I know...I'm a total Planner. My slightly OCD tendencies have been well noted and commented on by my crit partner, the illustrious Erin Kane Spock over at Spock Writes Romance. She is a Pantser through-and-through so you can imagine our conversations.

Something that really hit me this time though, while going over my notes, is the whole FACING DEATH thing that each character has to endure.  Whether it is actual physical death, career death, or even psychological death...the lead in your book faces some permutation of it.

I mean, my main character stares down actual, grueling, torturous death in my series, but the death of her dream...her hope...that hits me harder. It changes her more than toughening to survive does. It steers her choices in a far greater way than just trying to stay alive.

Her character arc just got a new dimension and I hope to really explore that. This got me thinking about an idea for book journaling that I came across a while ago.
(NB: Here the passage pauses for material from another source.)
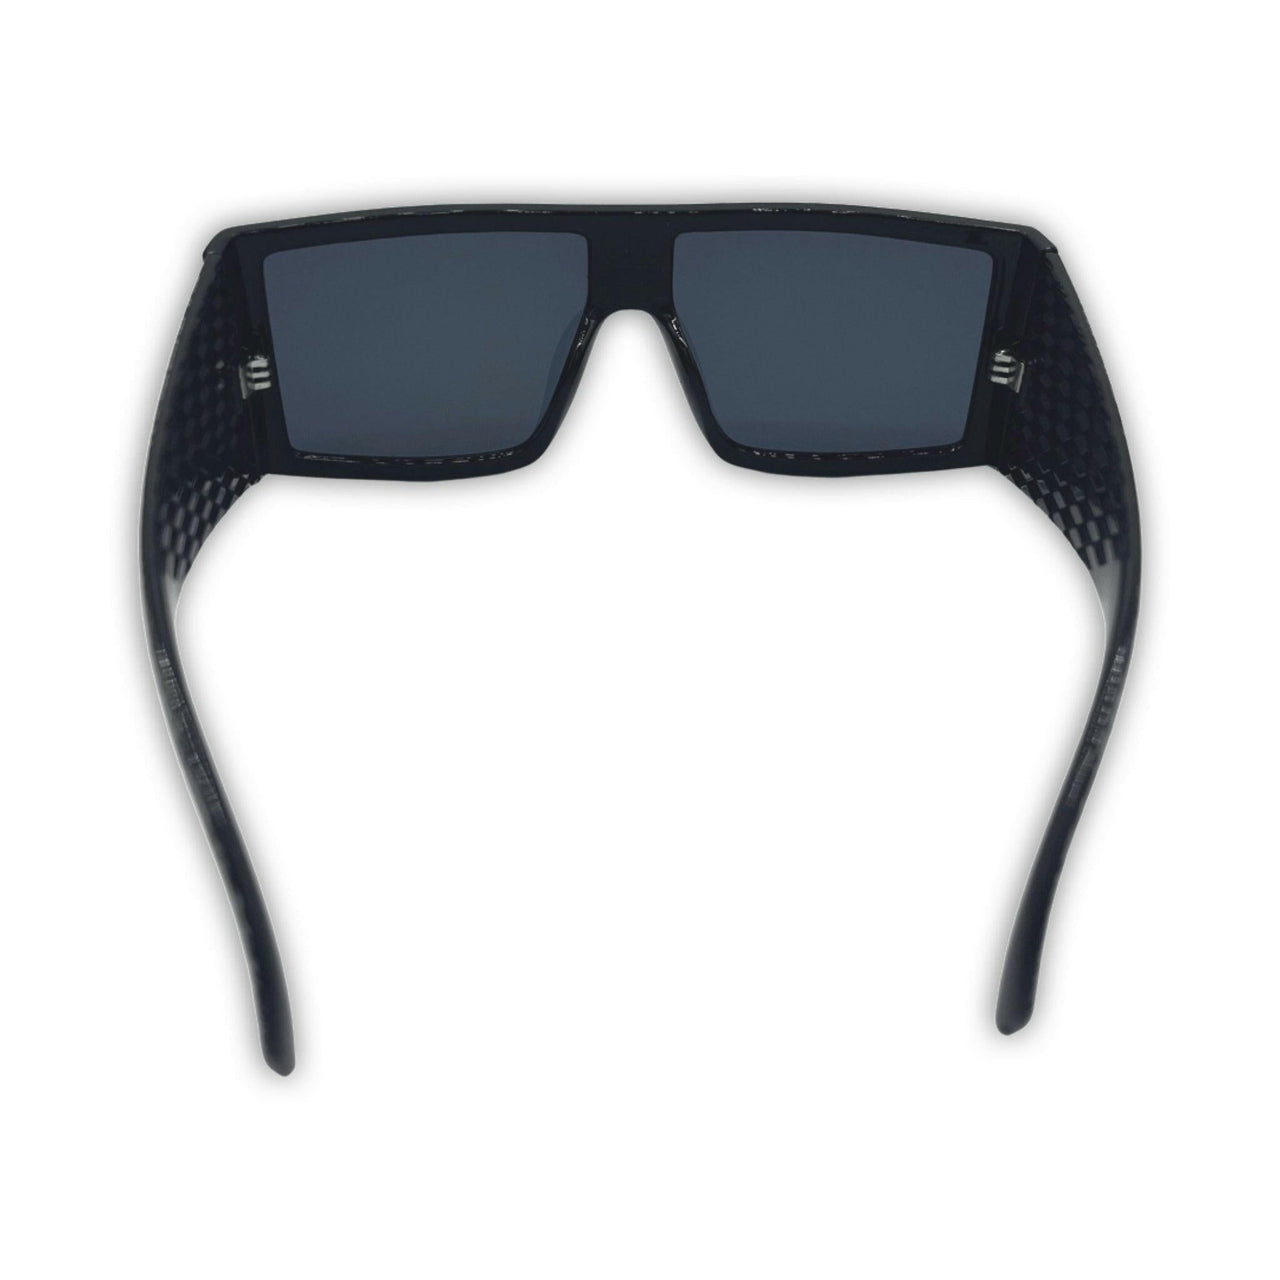 Dana Solid Black Sunglasses
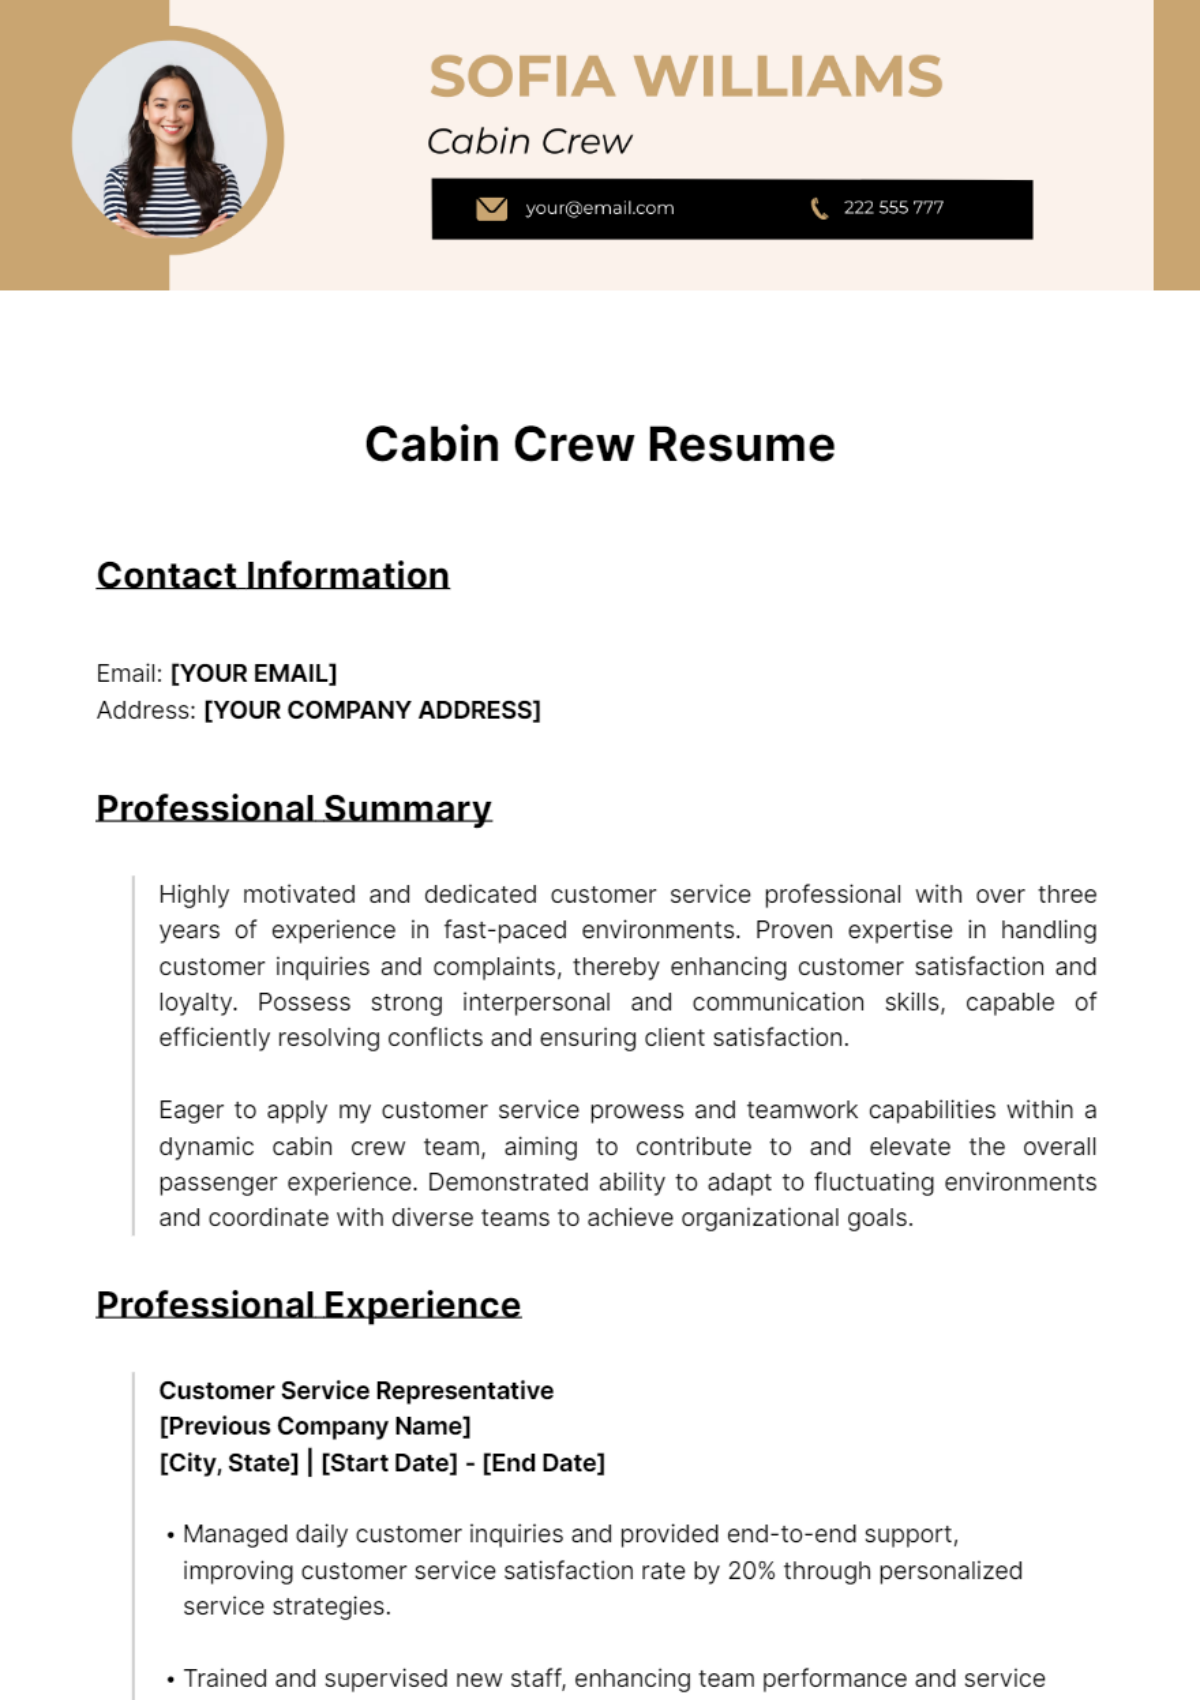 Cabin Crew Resume Template

I think its from Bell, but I can't be sure. Its a way to keep your character from sounding like a mini-you -- you write in their voice, the reasons why they do not want to take part in your story.
I was using it as an exercise to isolate the "argument against transformation" without knowing I'd have an epiphany about my main character.  I had no idea that Charlotte was so broken over what she gives up that it was far worse for her than the prospect of death itself.

I encourage all of you authors out there to try a Character Journal and see what insights, if any, come out of it. I'd love to hear.